§ **EXERCISE BRIEF**
Only some lines are wanted. Transcribe, exactly, the lines below from the line with "Elon Musk recalls" up to and including the line with "Speedo Fastskin Photon".

§ **DATASET EXTRACT**

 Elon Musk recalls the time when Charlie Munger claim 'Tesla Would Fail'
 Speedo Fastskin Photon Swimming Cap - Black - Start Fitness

---

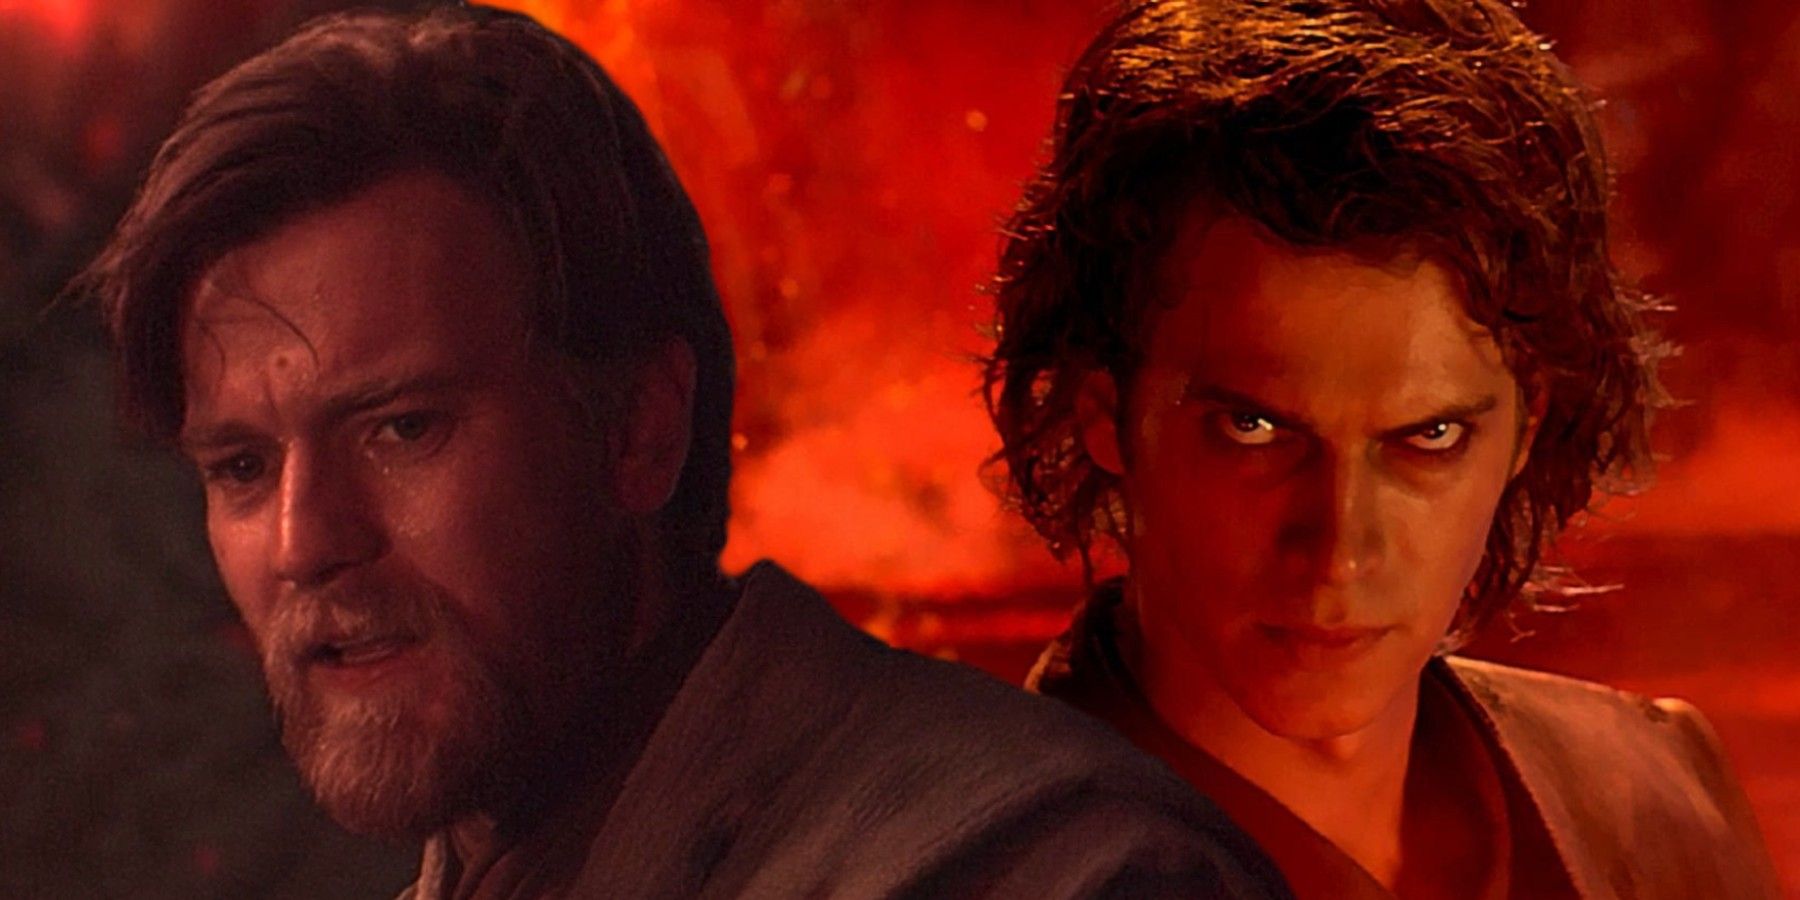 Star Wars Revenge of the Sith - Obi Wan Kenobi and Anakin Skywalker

==

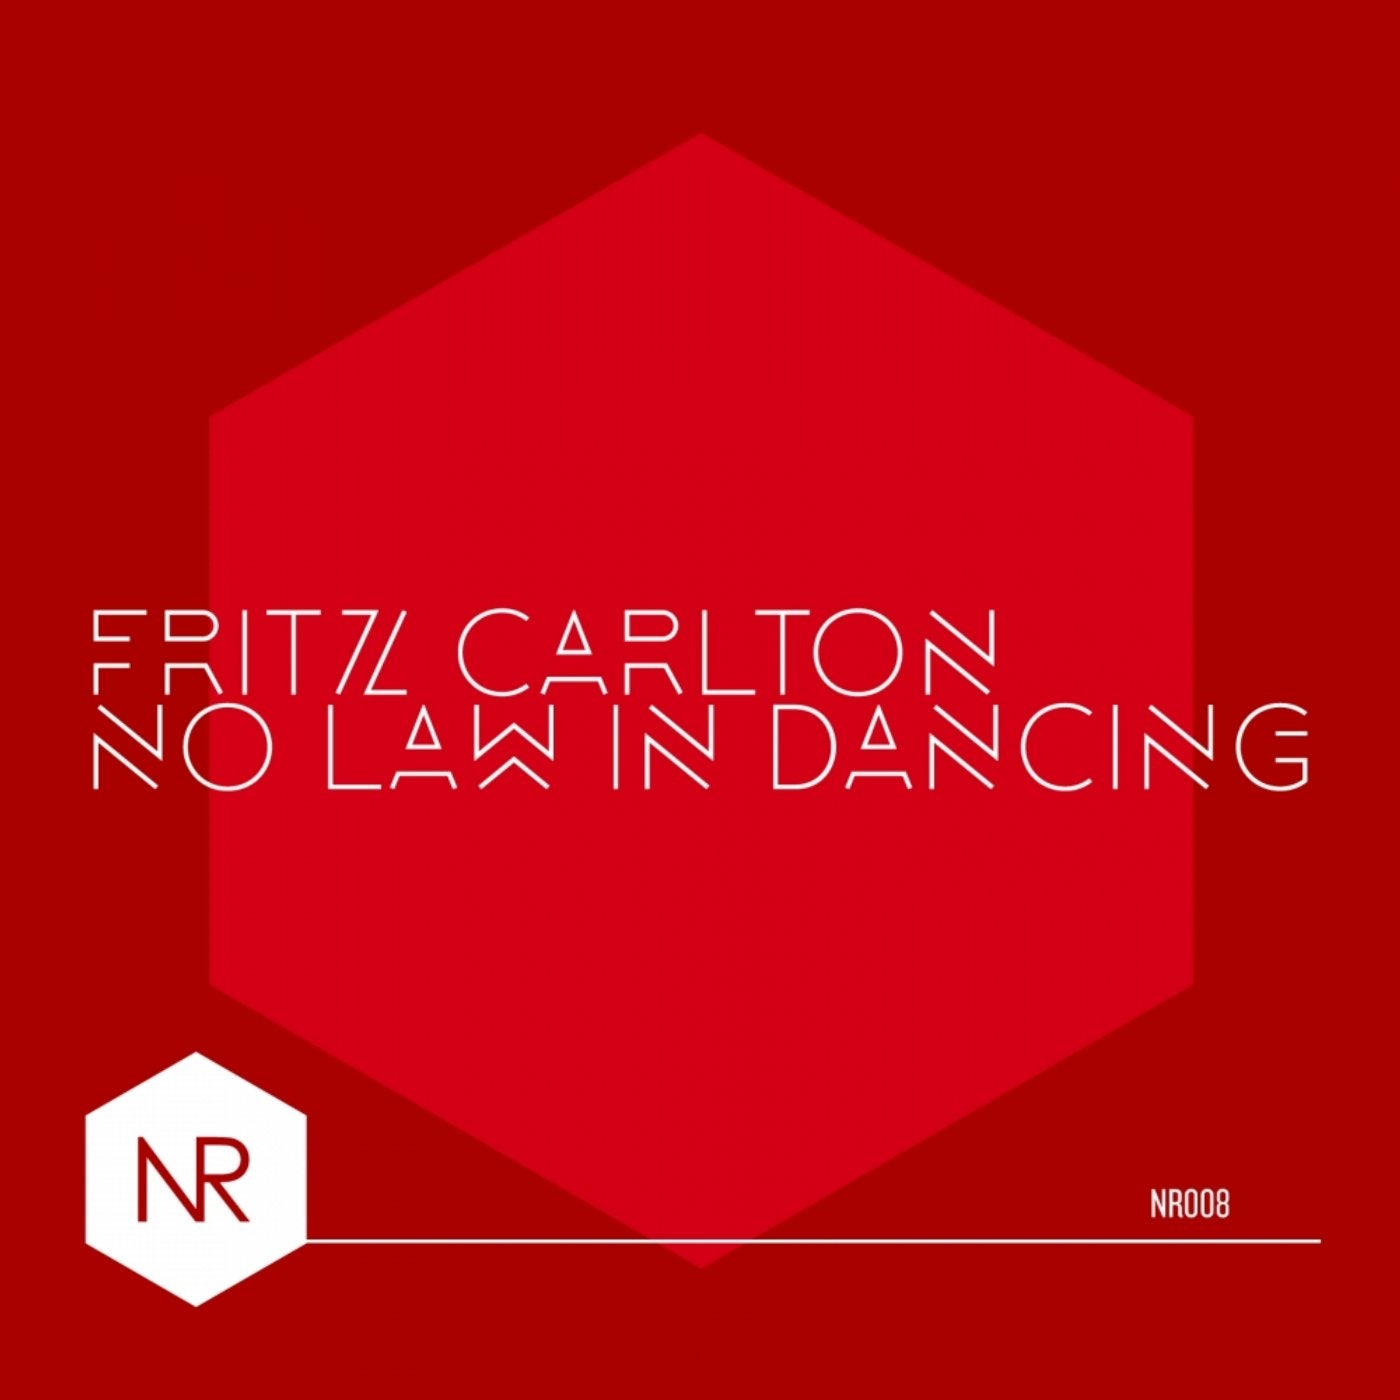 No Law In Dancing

§ **OUTPUT FOR THIS TASK**
 Elon Musk recalls the time when Charlie Munger claim 'Tesla Would Fail'
 Speedo Fastskin Photon Swimming Cap - Black - Start Fitness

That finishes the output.